Na visão da empresa, este é um gesto de fomento ao lado “criativo” da indústria da música, já que eles também anunciaram que dificultariam a monetização de arquivos de ruído branco e outras experimentações sonoras (ruídos diversos, som ambiente e até mesmo o silêncio). Nessa perspectiva, tais conteúdos não seriam “criativos”, mas sim, ações de má fé para enganar o sistema da empresa e obter dinheiro prescindindo de criatividade. Todo pagamento seria, a partir de agora, direcionado aos músicos realmente “criativos”. As distribuidoras digitais que trabalham com esses artistas autônomos já sentiram que uma parte considerável dos clientes não vai atingir estes novos requisitos do Spotify e isso vai afetar diretamente a arrecadação da empresa, que também se vale dos royalties e direitos autorais. Se é verdade que tais produtores de conteúdo não são os que atraem diretamente usuários para os serviços de streaming, eles são decisivos para que tais empresas ofereçam “milhões de músicas” como uma bandeira de atração de novos usuários. Assim, eles têm uma importância capital para o serviço de streaming e já movimentam uma parte importante da indústria da música, sobretudo a partir dos pequenos distribuidores digitais. Além disso, como o método de pagamento da empresa é pro-rata (em média, não individualizado), a medida do Spotify tende a retirar dinheiro de pequenos produtores de conteúdo e distribuidores digitais independentes para os repassar aos grandes players da indústria.

Para terminar, vamos falar sobre o futuro das plataformas digitais. Conte-nos tudo sobre as suas previsões!

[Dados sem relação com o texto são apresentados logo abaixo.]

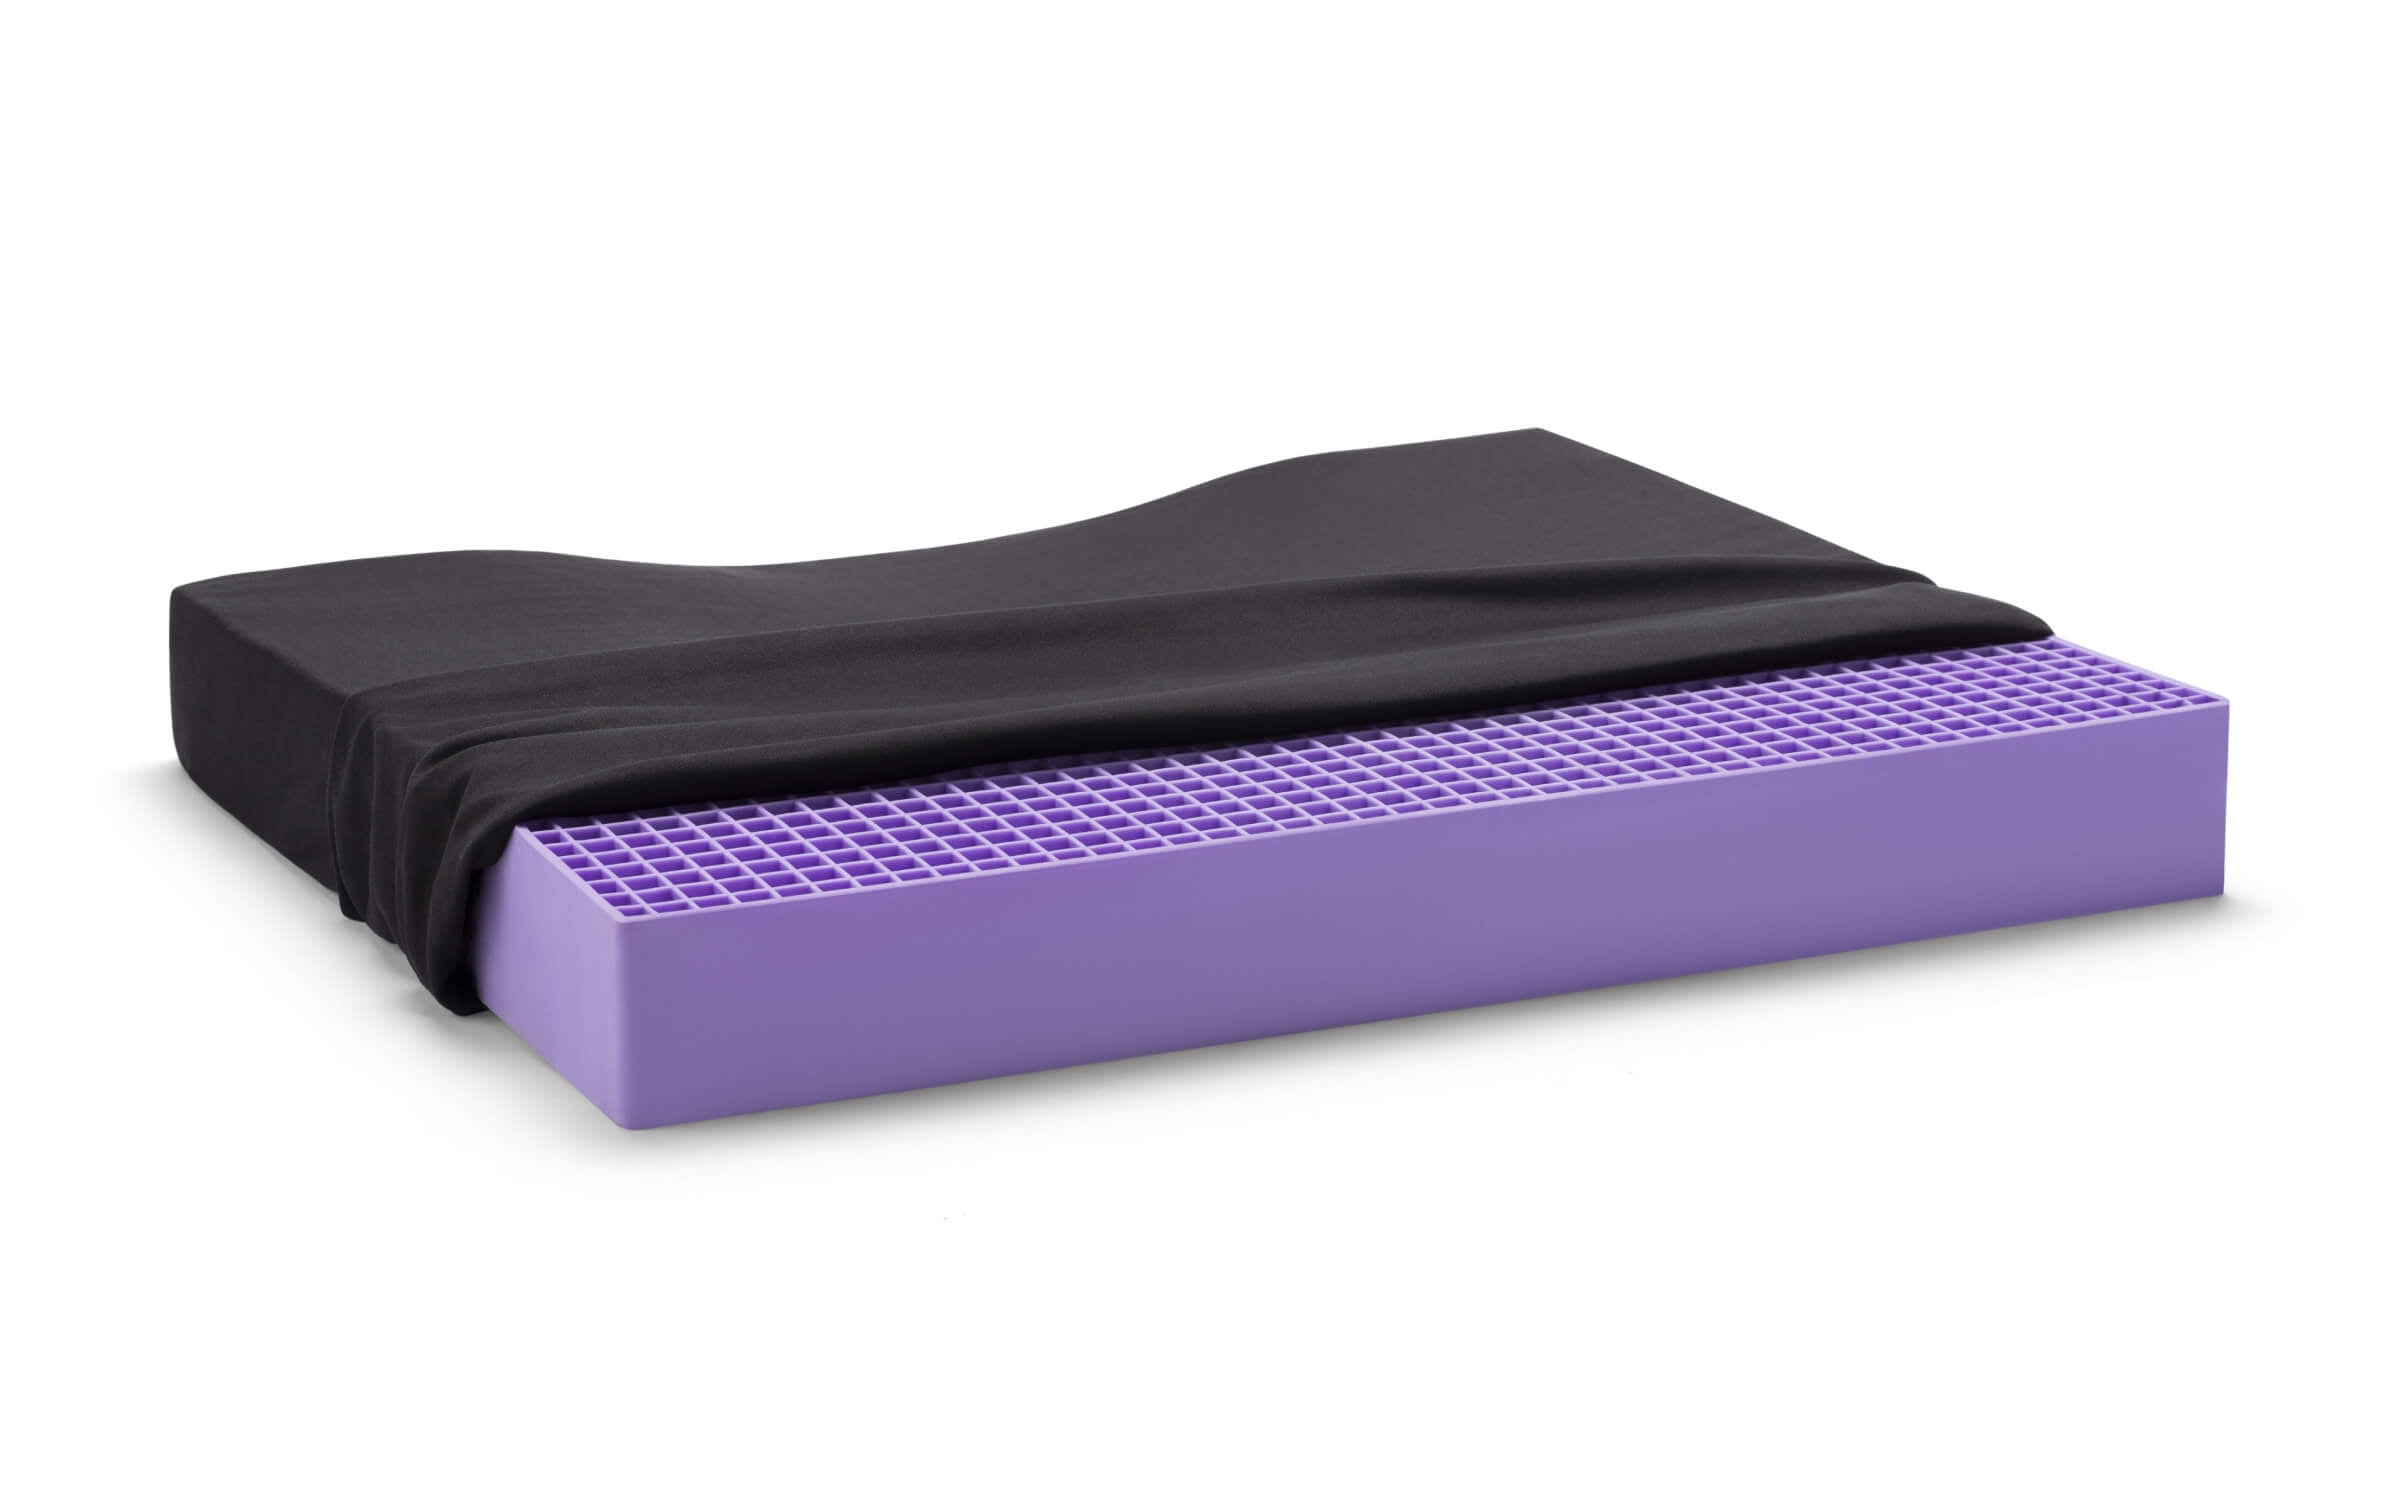 The Purple Double Seat Cushion — I tried it and loved its support and  comfort

Então, o Spotify sendo esse principal serviço de streaming de música no mundo, faz com que ele seja capaz de ditar tendências a serem seguidas por seus concorrentes. Essa medida da plataforma ainda pode ter outras consequências derivadas. Se, de fato, desincentivar artistas iniciantes e amadores a distribuírem suas obras por esse serviço de streaming, isso pode abrir um grande espaço para o uso intensivo de música produzida por IA generativa – algo que já ocorre nos serviços de streaming e tende a se tornar uma questão decisiva nos próximos anos. E essa  decisão de dificultar a monetização dos produtores de conteúdos sonoros não-musicais é problemática. Ainda que haja produtores mal-intencionados, a empresa parece ignorar a existência de um crescente nicho de mercado para ruído branco. Há um número cada vez maior de empresas que se especializam nesse tipo de som para montar novos modelos de negócio, como trilhas sonoras para relaxamento, para fazer crianças dormirem, para produzir experiências estéticas com ruídos, entre outras possibilidades de experiências que o Spotify conclui, por decreto monocrático, que não são usos “criativos”. Uma vez mais, uma janela de oportunidade de novos negócios pode ser sumariamente fechada

Julia Ourique é jornalista e doutoranda em Comunicação, com bolsa Capes, pela UERJ. Pesquisa mulheres na indústria da música.